I can't imagine chkdsk would do anything to improve your virtual memory performance. I guess if Windows was constantly writing virtual memory to bad blocks and then having to recover...

Have you checked all the programs that are loading at startup? Does anything funny show up in process manager as consuming a lot of memory?

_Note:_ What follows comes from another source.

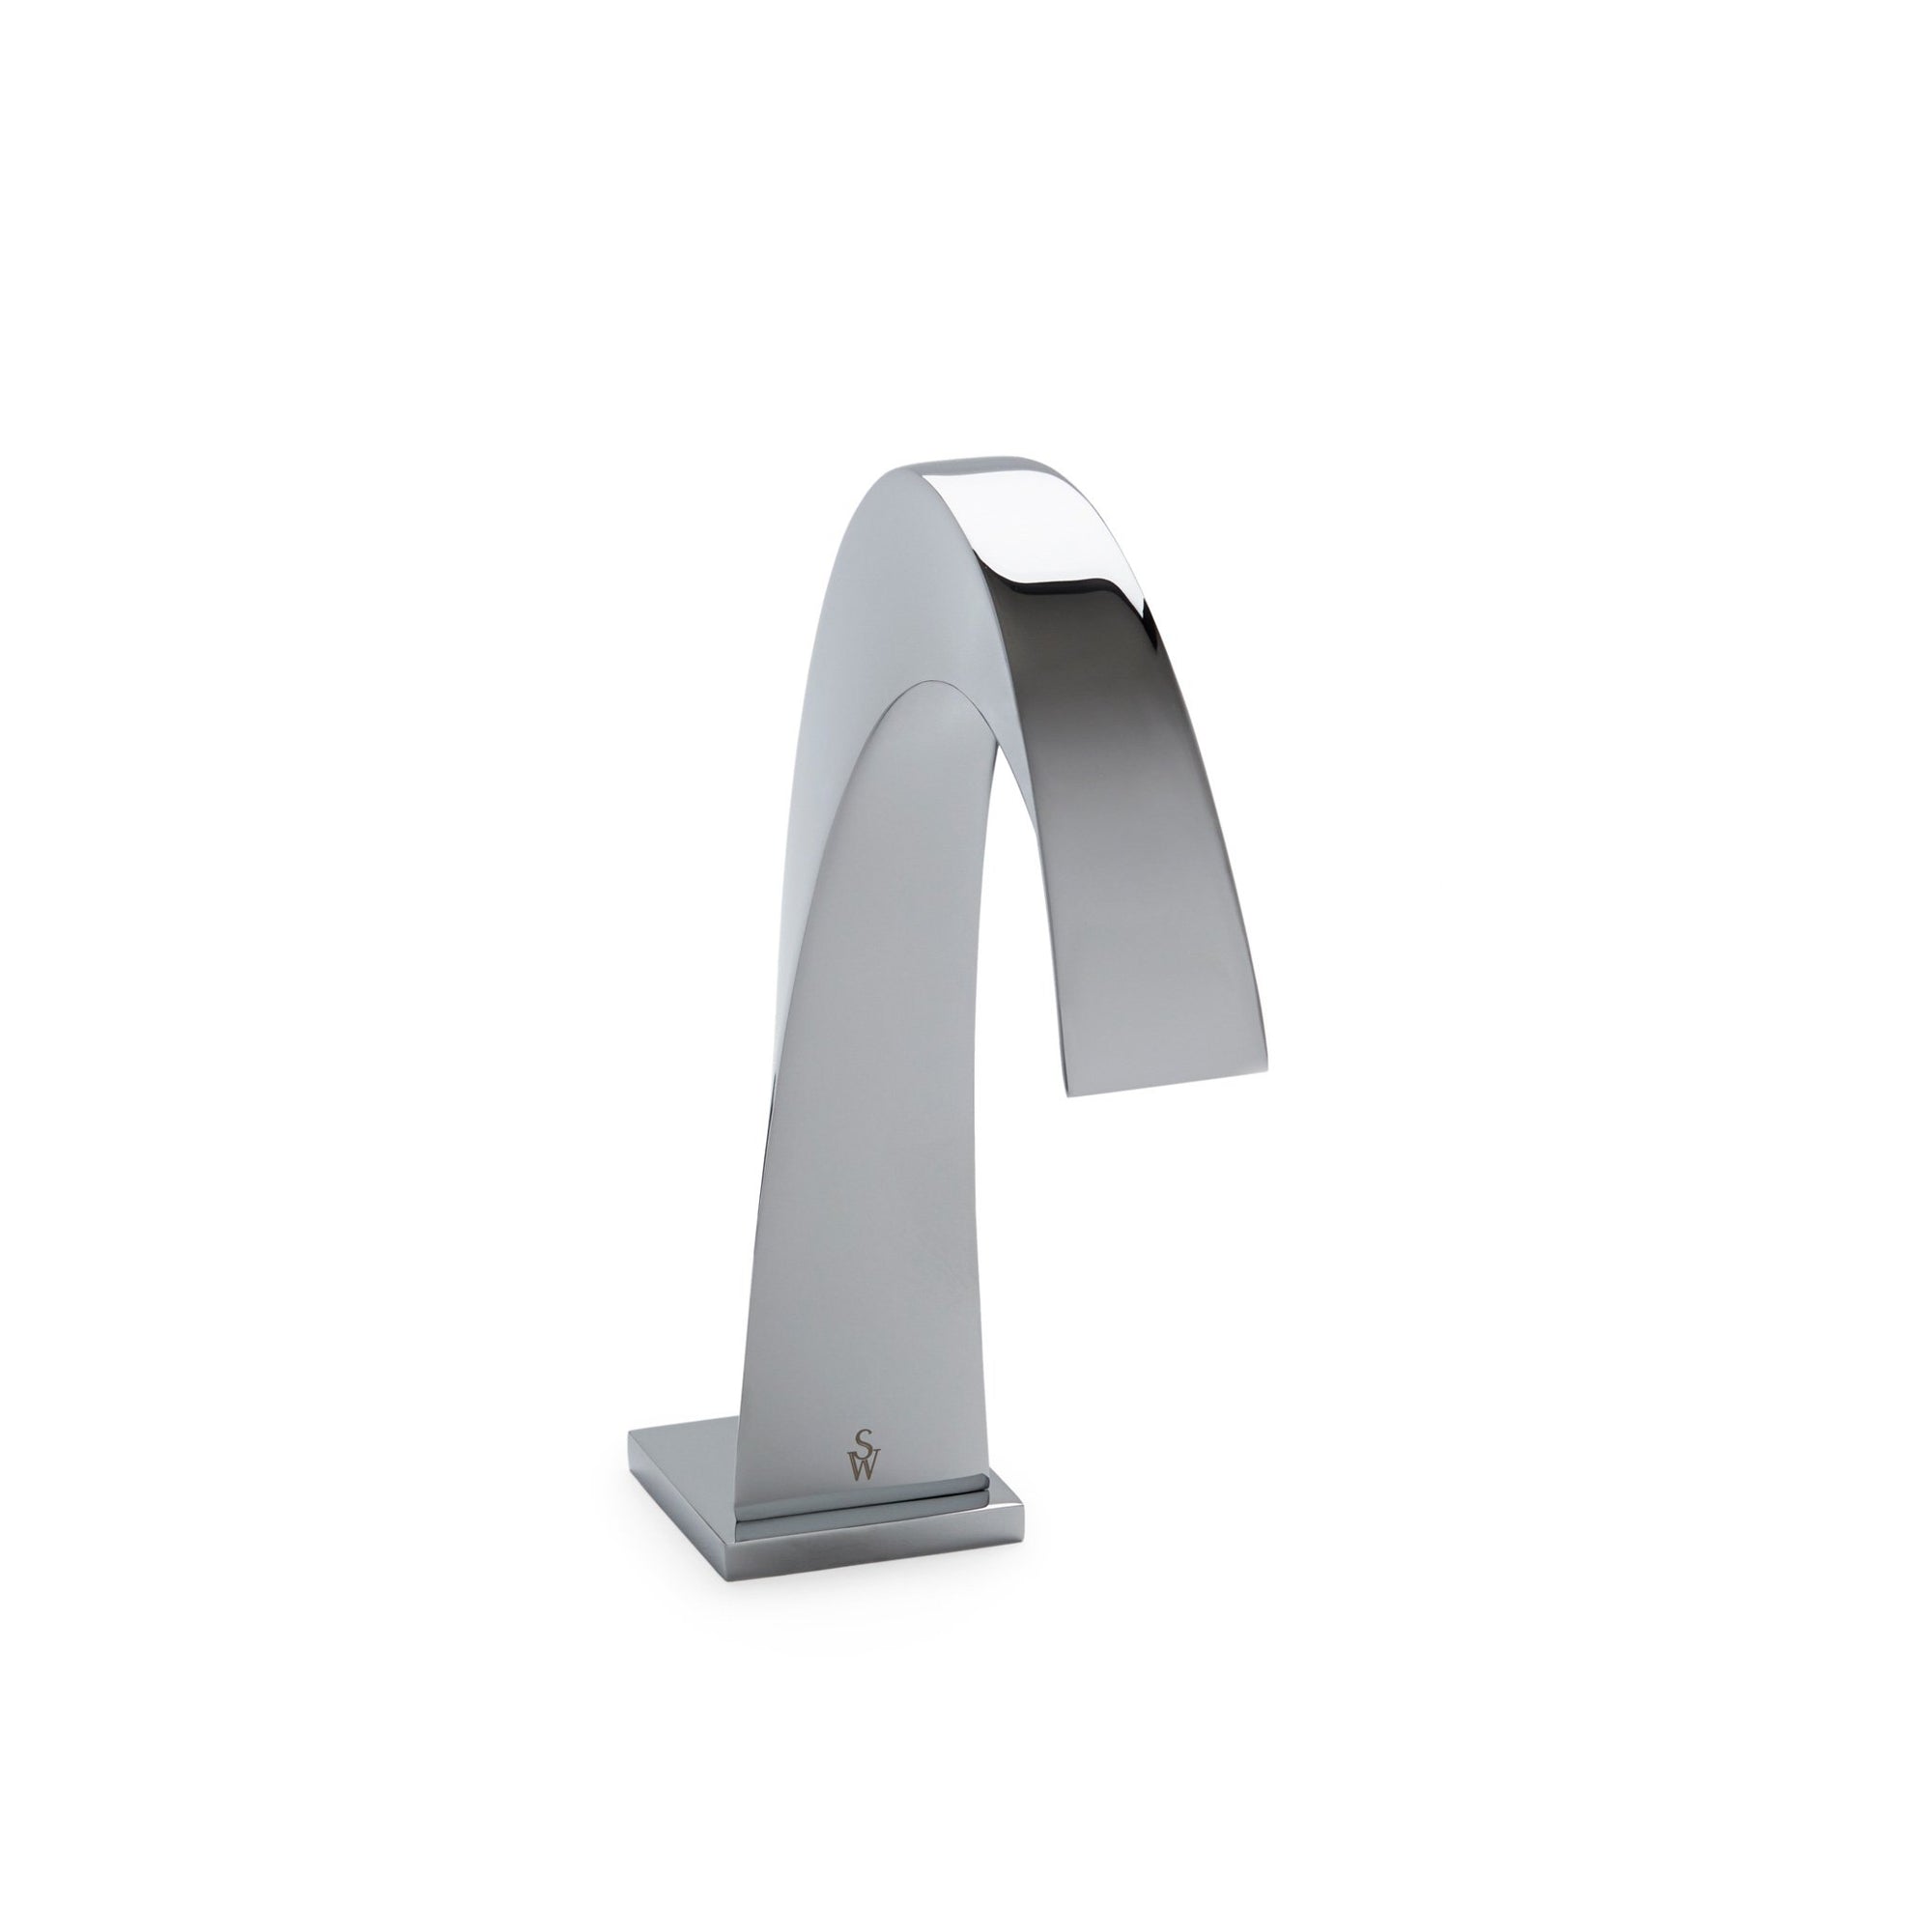 308DKT-CP Sherle Wagner International Arco Deck Mount Tub Spout in Polished Chrome metal finish

Or DO you have plenty of memory available and it's still paging?
 

$tinkle

Expert on blowing
Feb 12, 2003
14,591
6
by "checking all programs that load on startup", i have determined this through msconfig, the startup folder, and visually through taskmanager.

i set my vm statically as syadasti suggested (3G).

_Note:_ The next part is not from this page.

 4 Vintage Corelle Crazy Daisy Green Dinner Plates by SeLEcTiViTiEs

here's a snapshot helping to answer your mem question, even after the ~10 bootup/init:


but i seem to have an unrelated & additional problem: my touchpad is collapsing onto the frame, rendering it extremely sensitive to any nearby pressure, & therefore won't respond at times.

time for a new laptop.
 

binary visions

The voice of reason
Jun 13, 2002
22,162
1,261
NC
Hmm, plenty of free memory. Does it always register that much memory free, even when it's going through a disk-thrashing swap file seizure?

Get 3-4gb in the new laptop, it's really not worth doing anything else now. RAM is cheap.
 

syadasti

i heart mac
Apr 15, 2002
12,690
290
VT
You can take apart the laptop and slip a piece of paper in there if its a metal contacts cursor jump issue from chassis flex/wear and tear

Turning of index only has the negative that file searches will take longer but if you don't search your HDD often that is a moot point. If you google it you will find numerous articles, here is the first result:

http://lifehacker.com/software/optimization/turn-off-indexing-and-speed-up-windows-xp-031440.php

System restore being turned off can be a risk if you often restore your disk to a prior configuration but if you know what you are doing you probably don't really need that feature anyways.